CourtOhio Court of Appeals
DecidedMarch 25, 2003
DocketNo. 02AP-825 (REGULAR CALENDAR)
StatusUnpublished

This text of Hbd Industries v. Indus. Comm. of Ohio, Unpublished Decision (3-25-2003) (Hbd Industries v. Indus. Comm. of Ohio, Unpublished Decision (3-25-2003)) is published on Counsel Stack Legal Research, covering Ohio Court of Appeals primary law. Counsel Stack provides free access to over 12 million legal documents including statutes, case law, regulations, and constitutions.

Bluebook
Hbd Industries v. Indus. Comm. of Ohio, Unpublished Decision (3-25-2003), (Ohio Ct. App. 2003).

Opinion

{¶ 1} Relator, HBD Industries, Inc., has filed this original action requesting that this court issue a writ of mandamus ordering respondent, Industrial Commission of Ohio, to vacate its order that concluded that respondent-claimant, Thad McCullough, had not reached maximum medical improvement, denied relator's request to terminate claimant's temporary total disability compensation, and authorized claimant's request for surgery.

{¶ 2} This matter was referred to a magistrate of this court, pursuant to Civ.R. 53(C) and Loc.R. 12(M) of the Tenth District Court of Appeals. The magistrate issued a decision, including findings of fact and conclusions of law, and recommended that this court deny relator's request for a writ of mandamus. (Attached as Appendix A.) No objections have been filed to that decision.

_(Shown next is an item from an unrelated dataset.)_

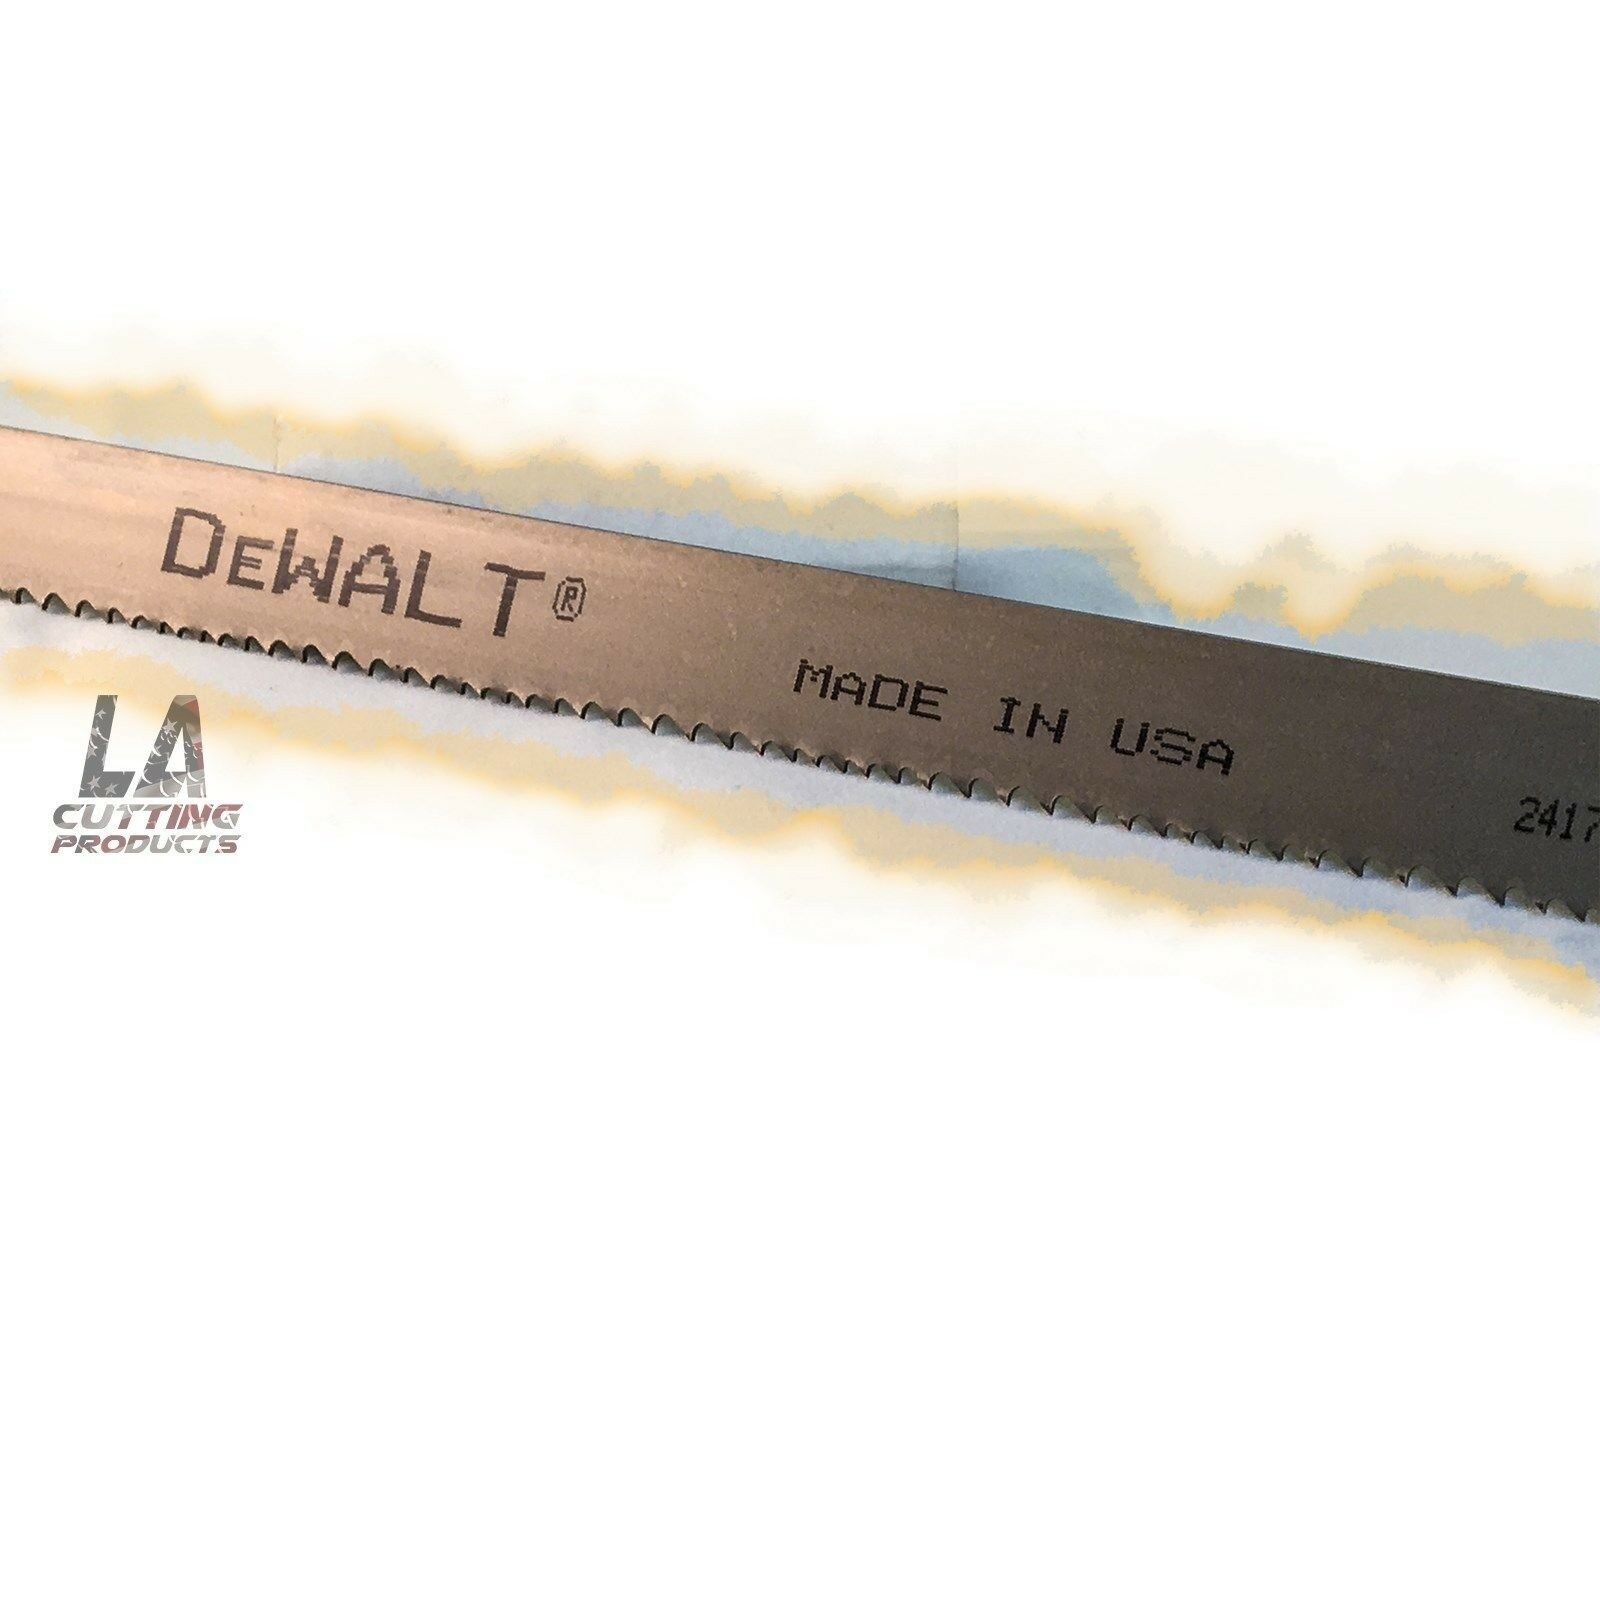 "107 1//2/"" 8/'-11 1//2/"" x 3//4/"" x .035/"" x 10//14N Band Saw Blade M42 Bi-metal 1 Pcs"

{¶ 3} As there have been no objections filed to the magistrate's decision, and it contains no error of law or other defect on its face, based on an independent review of the file, this court adopts the magistrate's decision including the findings of fact and conclusions of law contained in it. Relator's request for a writ of mandamus is denied.

Writ denied.

TYACK and KLATT, JJ., concur.

IN MANDAMUS
{¶ 4} Relator, HBD Industries, Inc., has filed this original action requesting that this court issue a writ of mandamus ordering respondent Industrial Commission of Ohio ("commission"), to vacate its order which concluded that respondent Thad McCullough ("claimant"), had not reached maximum medical improvement ("MMI"), denied relator's request to terminate claimant's temporary total disability ("TTD") compensation, and authorized claimant's request for surgery.

Findings of Fact:

{¶ 5} 1. On August 16, 1994, claimant sustained a work-related injury and his claim has been allowed for "lumbosacral sprain; cervical sprain; moderate disc herniation at the L4-5 level; lumbar disc displacement L4-5."

{¶ 6} 2. At some point, claimant began receiving TTD compensation.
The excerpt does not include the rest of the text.